Many people are curious about what it means to be vegan. On a very basic level, many may be unsure about the difference between vegans and vegetarians. People may also wonder whether there is a set list of rules that vegans must adhere to or whether there is room for manoeuvre. In this article, we will explain all you need to know about what vegans eat, what is included in (and excluded from) a vegan diet, and the things most vegans consider important aside from just following a plant-based diet.
There is little doubt that veganism has become increasingly popular in recent years and the number of vegans in the United Kingdom is estimated to be anything up to around 3.5 million according to some surveys at the time of writing. There has been a boom in vegan-friendly foods and other products, and there are many vegan celebrities who sing the praises of a plant-based diet. But, let’s cut to the chase: what is a vegan?
What Is a Vegan?
To kick things off, let’s explain what a vegan is.

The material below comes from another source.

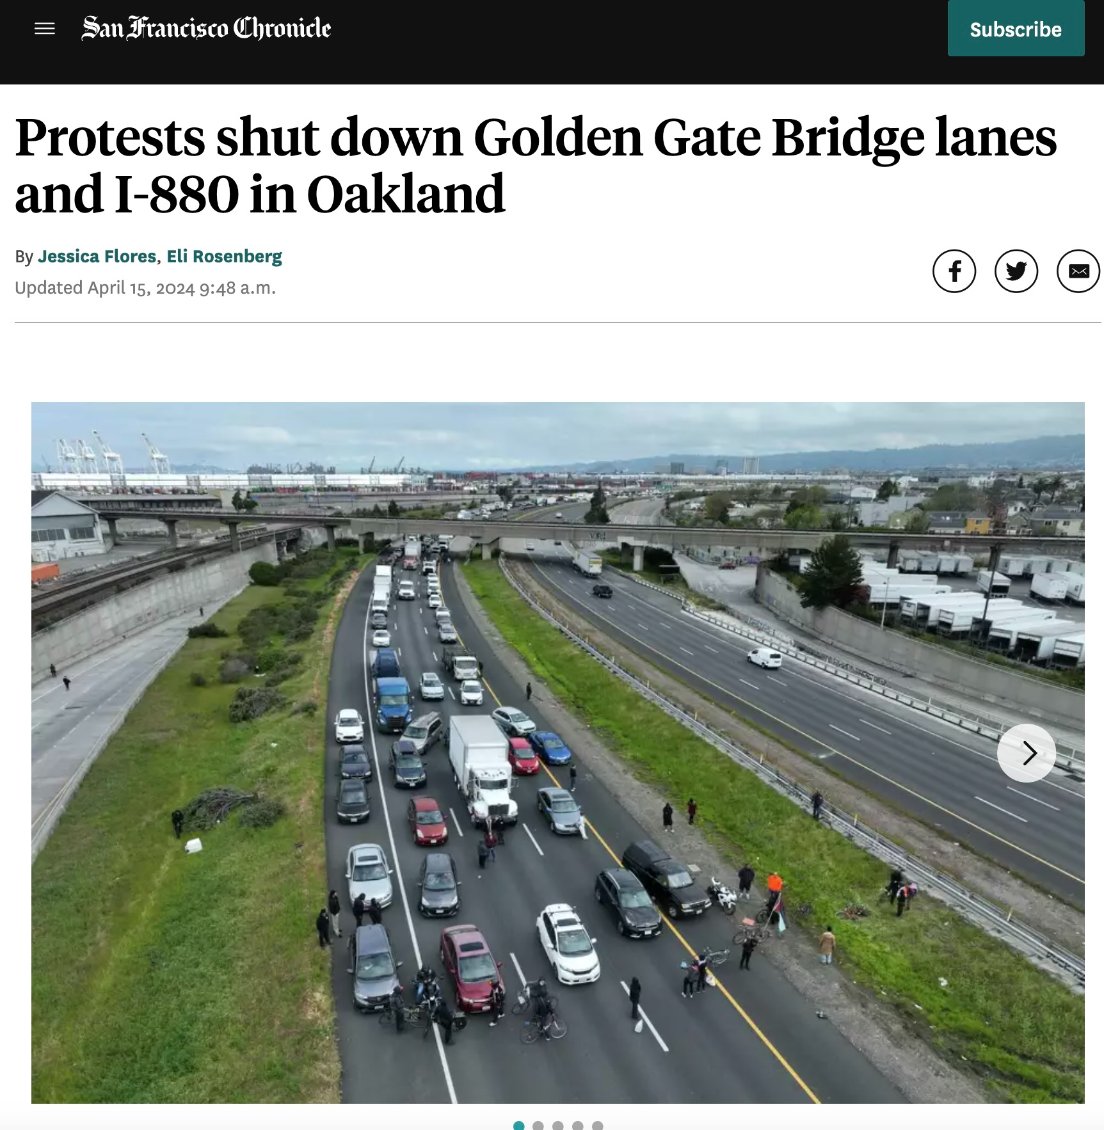 .@garrytan Is it time to make crime illegal in California yet? What do you think about hamassholes shutting down the Golden Gate Bridge & I-80 for hours while our elected leaders direct state and local law enforcement to do nothing? @GavinNewsom @LondonBreed @RobBonta
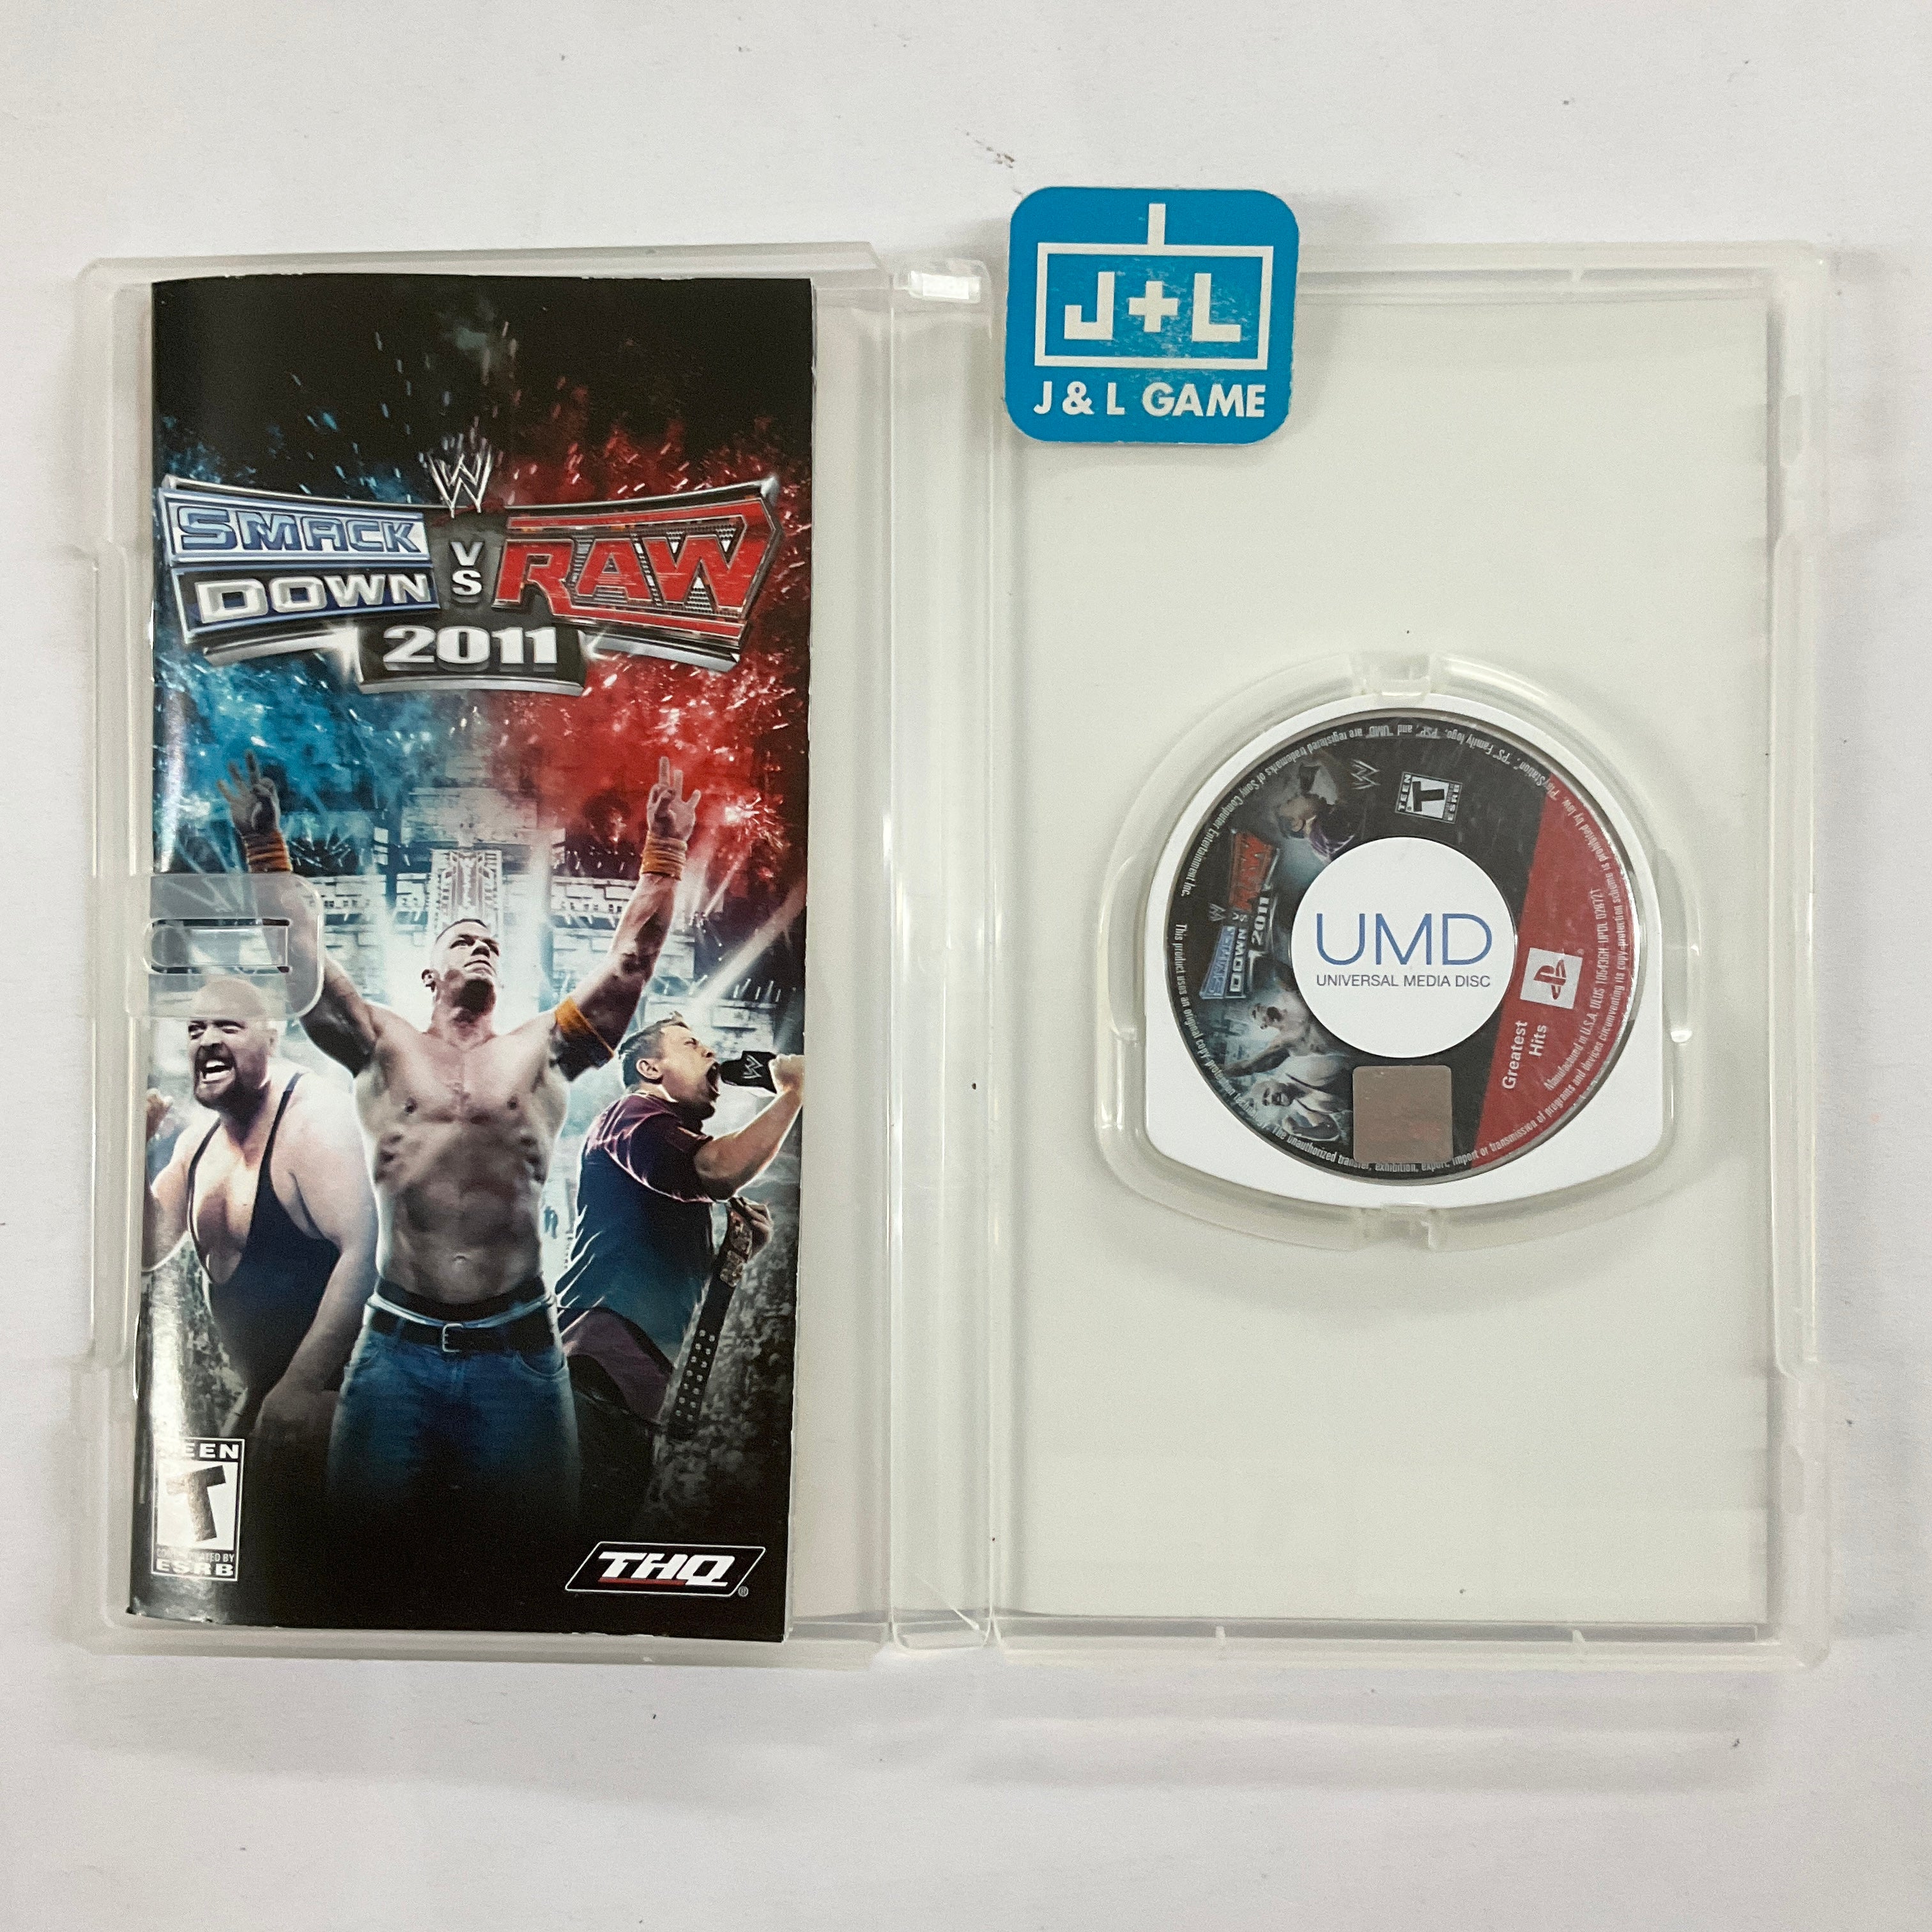 WWE SmackDown vs. Raw 2011 (Greatest Hits) - Sony PSP [Pre-Owned] Video Games THQ

The term vegan is open to a degree of interpretation and can be broken down into various types of vegan. In basic terms, a vegan is someone who follows veganism, which (depending who you ask) could mean they simply follow a plant-based diet or that they embrace a much wider-reaching philosophy of vegan ideals.
One thing that all (or almost all) vegans have in common, though, is that they do not eat or drink products they know to have come from animals. This includes things like meat, fish, milk and other dairy products and various other animal products that find their way into a wide range of foods.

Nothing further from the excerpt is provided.